··· Recorded information ···
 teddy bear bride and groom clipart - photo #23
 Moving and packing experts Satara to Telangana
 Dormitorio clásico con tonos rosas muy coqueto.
···
> Instructions to follow:
Starting from the line that contains "Moving and packing", give again every line to the last line of the data, exactly. Include nothing else.

> Solution for this problem:
 Moving and packing experts Satara to Telangana
 Dormitorio clásico con tonos rosas muy coqueto.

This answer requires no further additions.